Advantages: No quality loss; exact original can be reconstructed Disadvantages: Smaller compression ratios than lossy — files are not as small

Examples: PNG (images), FLAC (audio), ZIP (files)

OCR J277 does not require the ability to carry out specific compression algorithms (e.g. run-length encoding steps). Only the principles and trade-offs are required.

Common Exam Mistakes

1. Saying Unicode "replaces" ASCII

Unicode extends ASCII — its first 128 values are identical to ASCII codes. Unicode doesn't replace ASCII; it subsumes it and adds a vastly larger set of characters for other languages and symbols.

2. Confusing resolution and colour depth

Resolution = number of pixels (affects detail). Colour depth = bits per pixel (affects colour range). Both affect file size, but through different mechanisms.
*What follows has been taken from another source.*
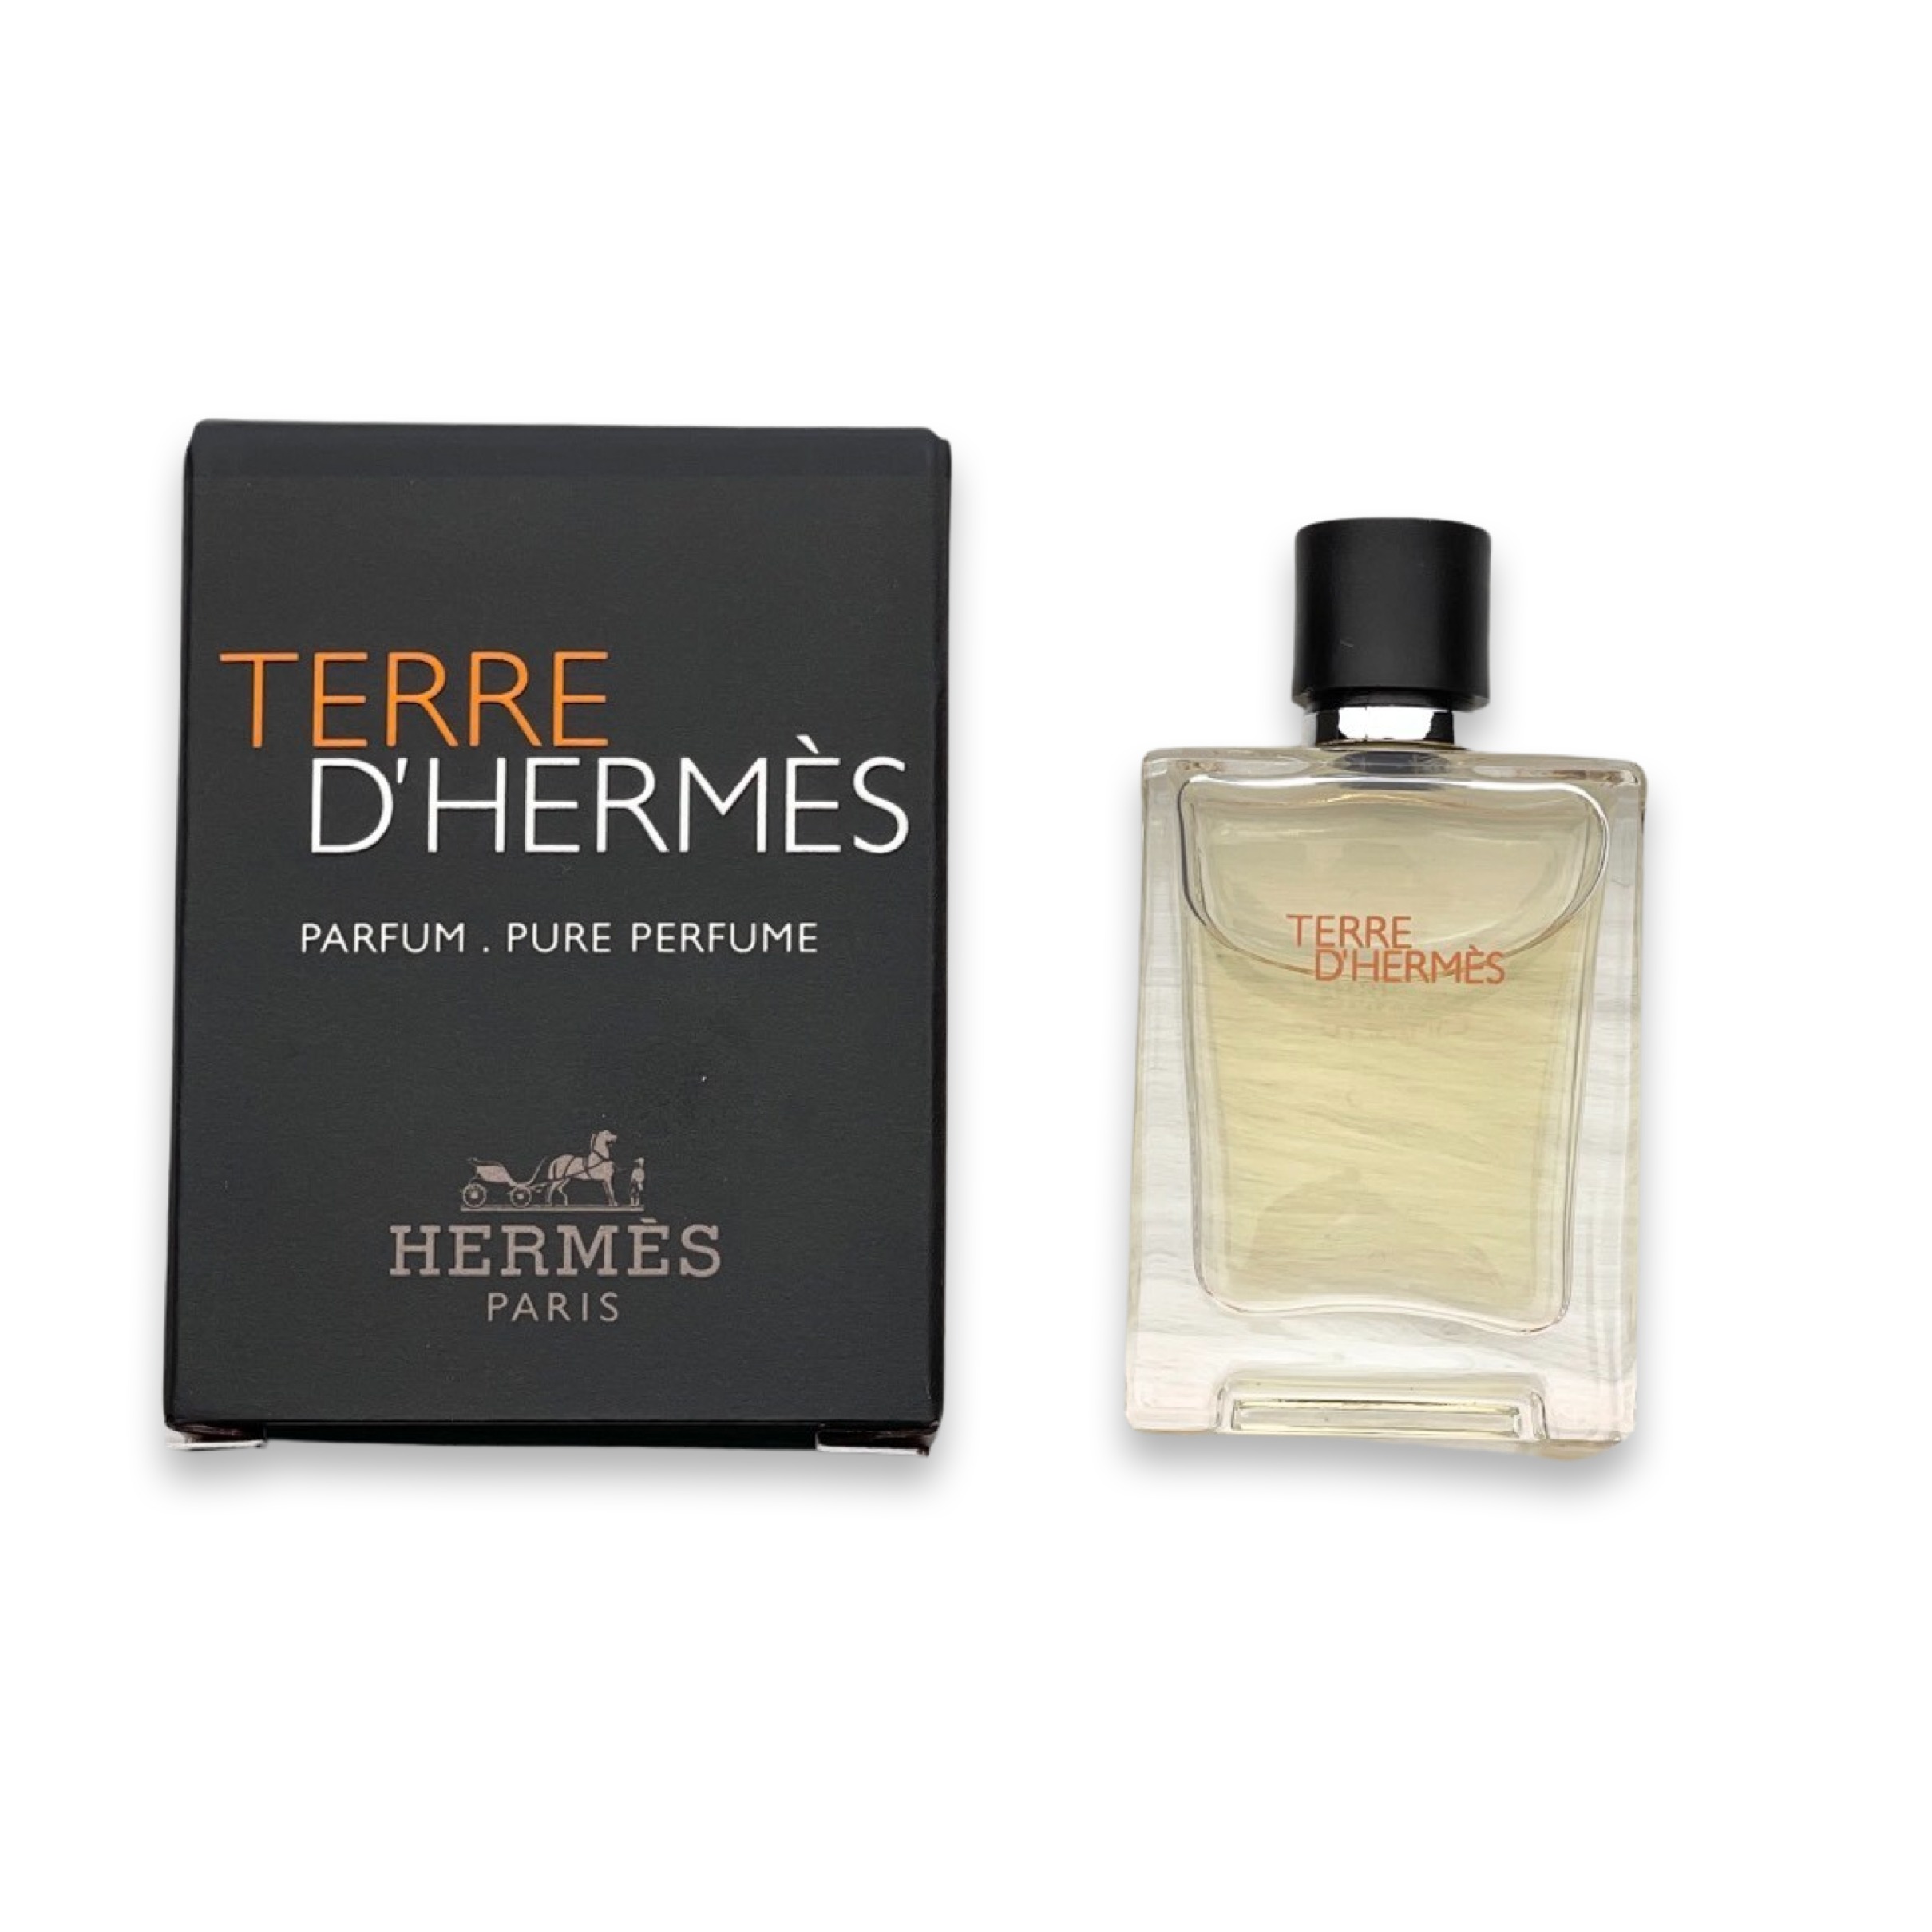 Terre D'hermes Parfum / Travel Size (12.5ml)

3. Saying lossy compression "is always worse"

Lossy compression reduces quality, but for many applications (streaming, web images, social media) the quality reduction is imperceptible to human senses and the file size savings are significant. It is the right choice in those contexts.
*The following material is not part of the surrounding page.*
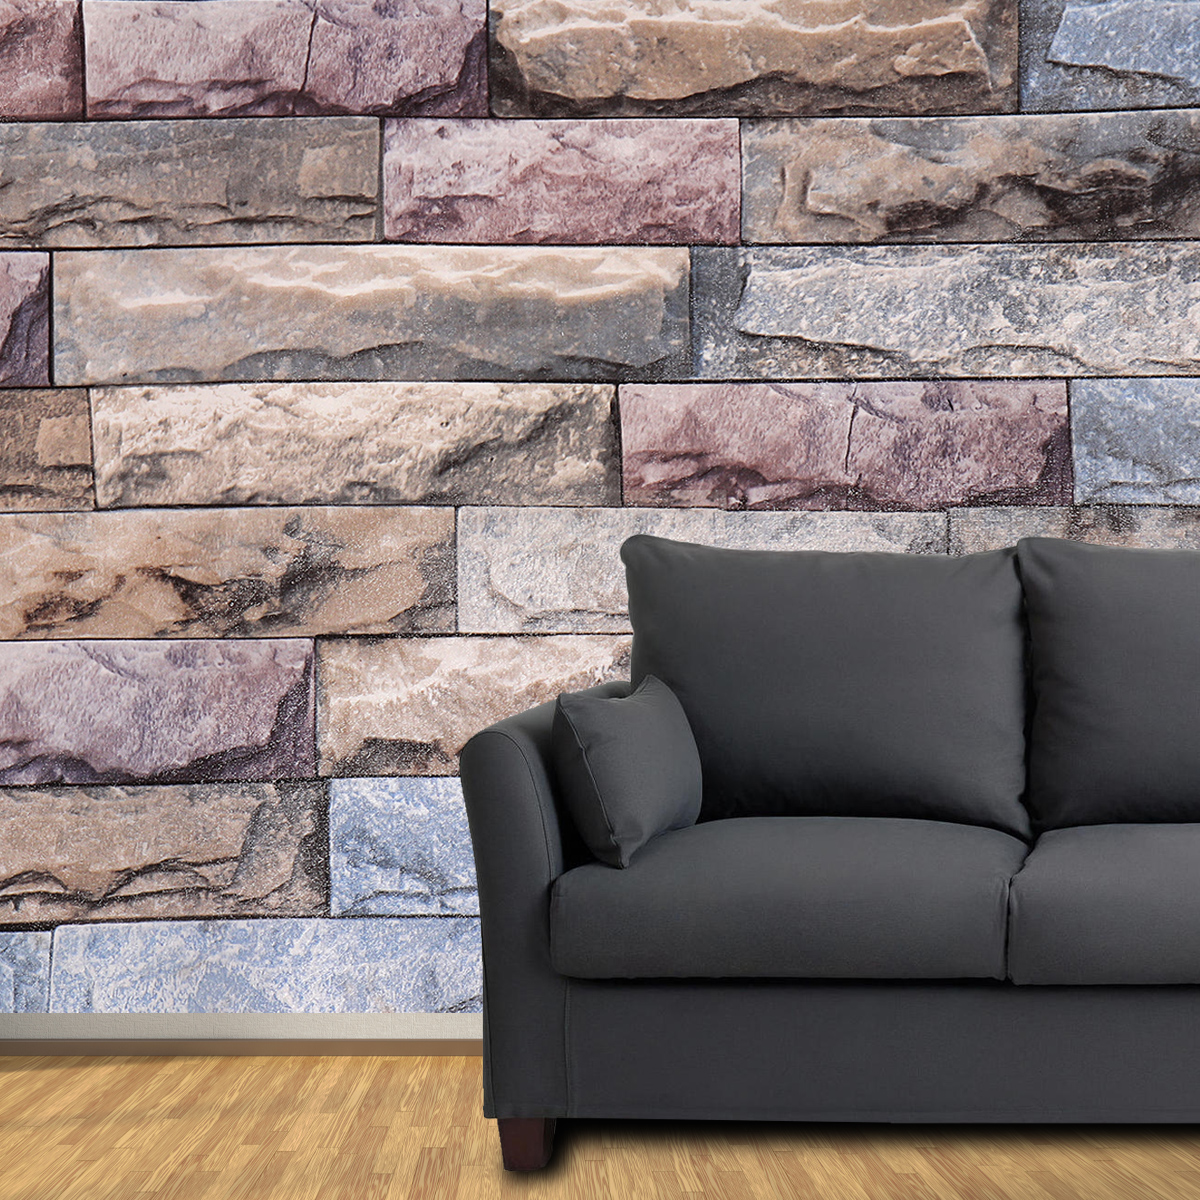 3D-Simulation-Brick-Wall-Paper-Self-Adhesive-Brick-Stone-Wallpaper-Fashion-Restaurant-Hotel-Store-De-1859008-12

4. Sample rate and bit depth confusion

Sample rate = how often you measure (Hz). Bit depth = how precisely you measure each sample (bits). Higher values of both improve quality but increase file size.

Mistake	Correction
"Increasing bit depth increases sample rate"	They are independent; bit depth affects precision per sample, sample rate affects frequency of sampling
"Lossless compression makes files smaller than lossy"	Lossy achieves greater compression by discarding data; lossless is smaller than uncompressed but larger than lossy
"ASCII can represent any character"	ASCII covers only 128/256 characters; Unicode is needed for non-Latin languages, emoji, etc.